EXERCISE INSTRUCTIONS —
Here the job is to retype the data word for word while leaving the pictures aside.

[INFORMATION PROVIDED — start]

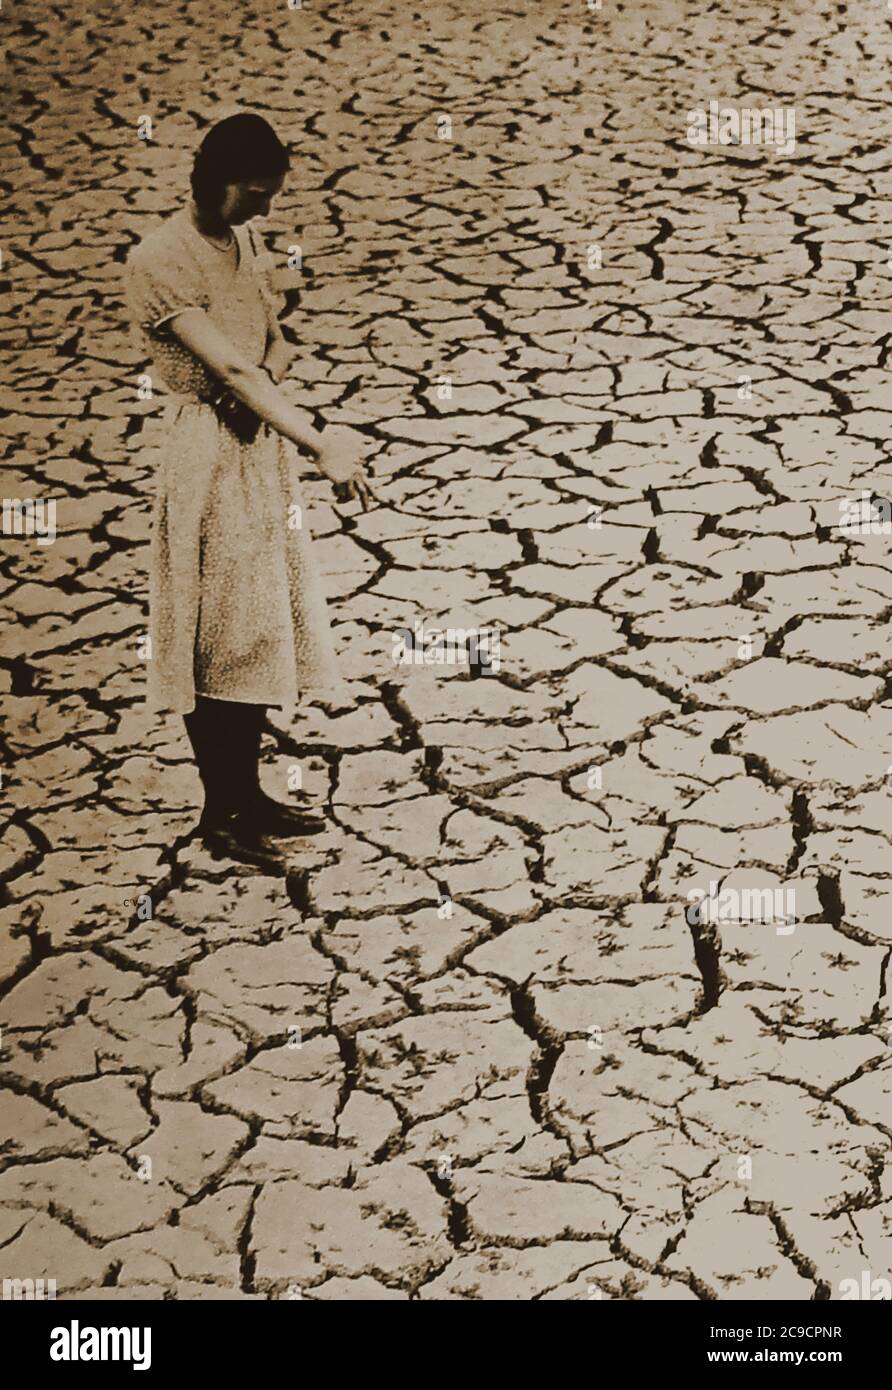 1934 siccità nel Regno Unito - una fotografia scattata all'epoca sul letto del bacino idrico di Tring, Hertfordshire. Tra l'autunno 1932 e l'autunno 1934 si è verificata una grave siccità a seguito della precedente calda estate. Era più intenso in tutta la Gran Bretagna meridionale. Foto Stock
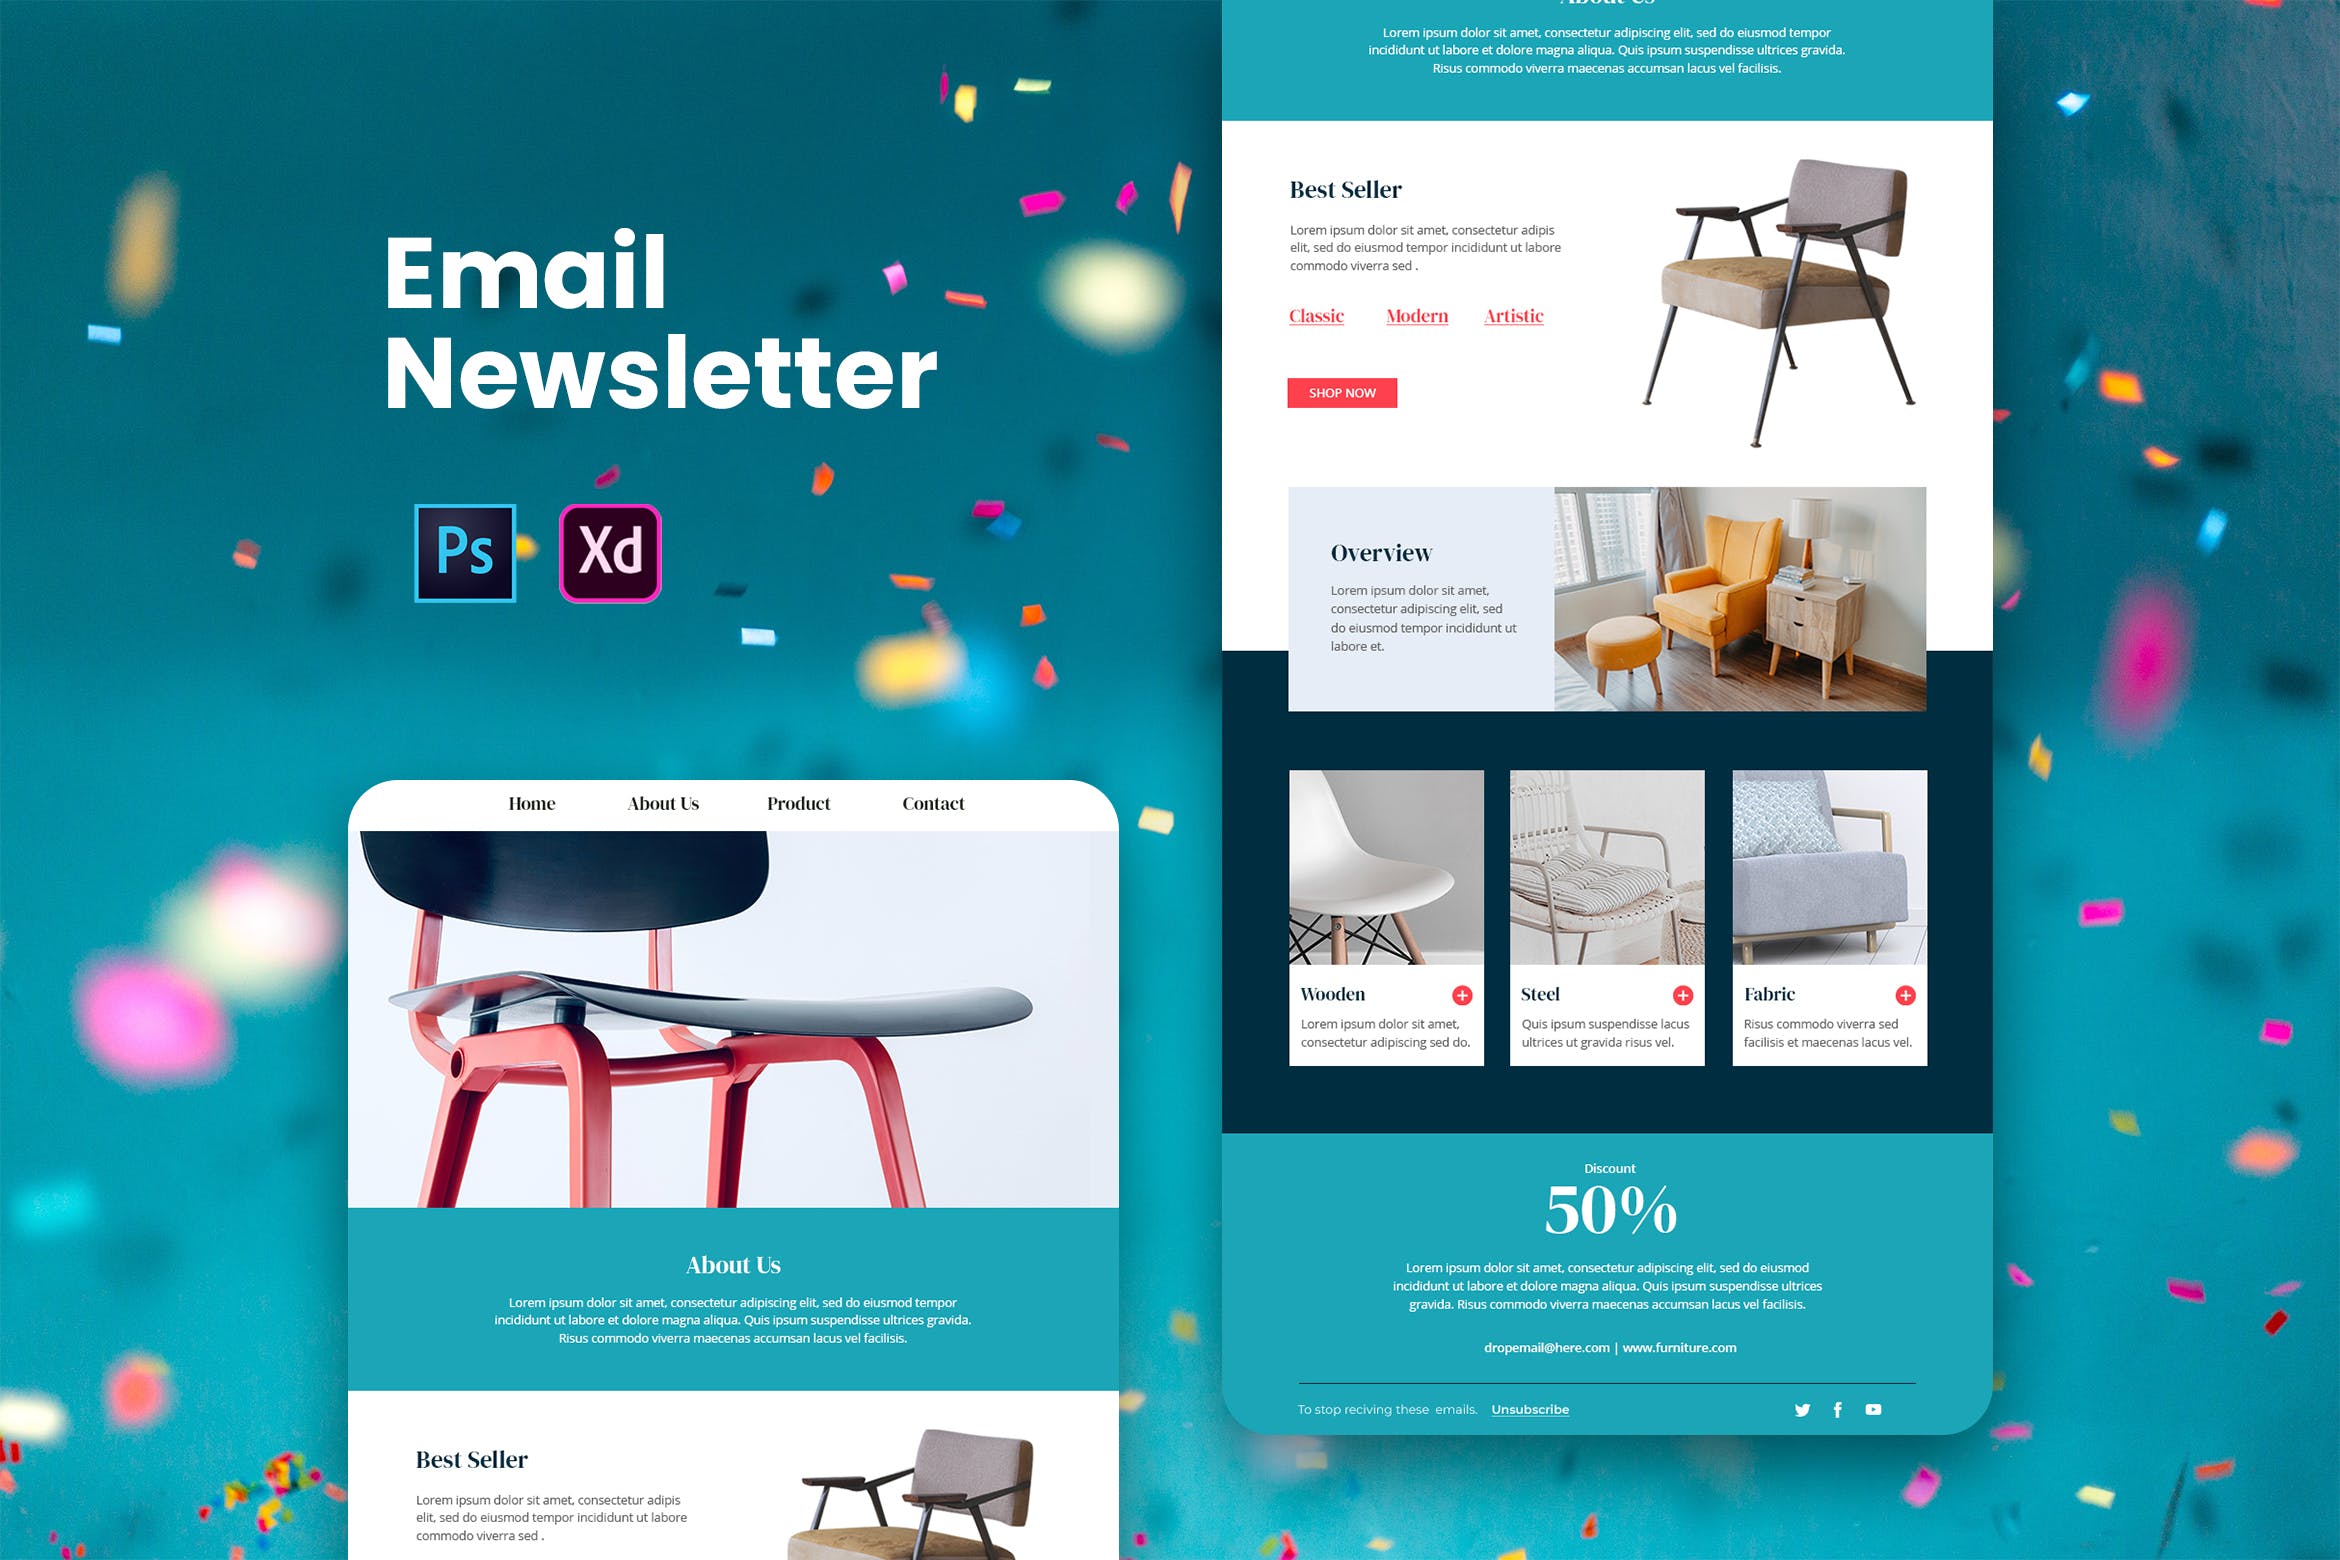 家具品牌推广EDM邮件模板蚂蚁素材精选 Furniture Email Newsletter插图
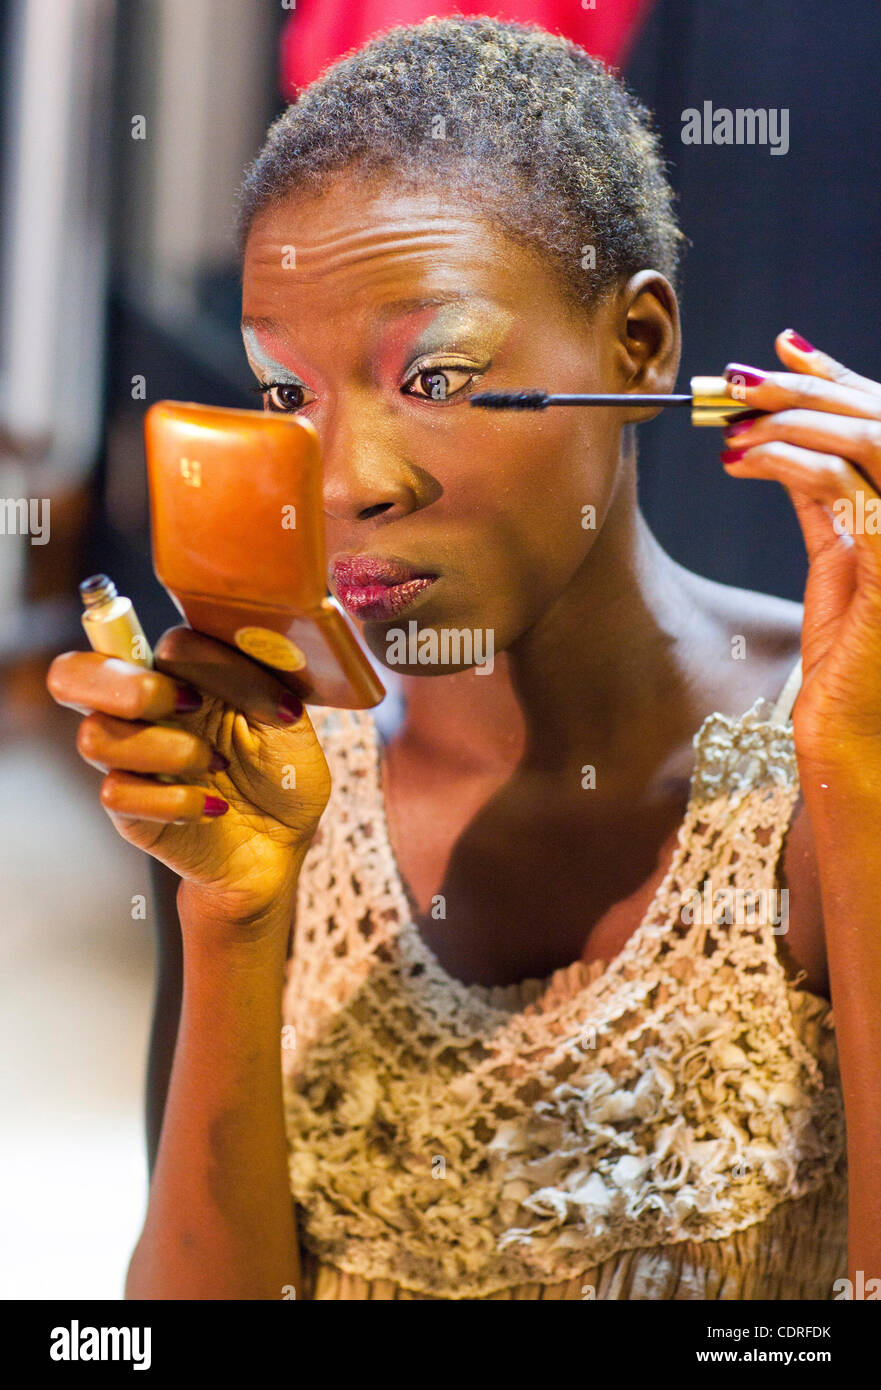 07 juillet 2011 - Dakar, Sénégal - modèle sénégalais applique son maquillage Backstage pendant la Semaine de la mode de Dakar 2011. (Crédit Image : Banque D'Images

[INFORMATION PROVIDED — finish]

ANSWER SECTION —
 1934 siccità nel Regno Unito - una fotografia scattata all'epoca sul letto del bacino idrico di Tring, Hertfordshire. Tra l'autunno 1932 e l'autunno 1934 si è verificata una grave siccità a seguito della precedente calda estate. Era più intenso in tutta la Gran Bretagna meridionale. Foto Stock
 家具品牌推广EDM邮件模板蚂蚁素材精选 Furniture Email Newsletter插图
 07 juillet 2011 - Dakar, Sénégal - modèle sénégalais applique son maquillage Backstage pendant la Semaine de la mode de Dakar 2011. (Crédit Image : Banque D'Images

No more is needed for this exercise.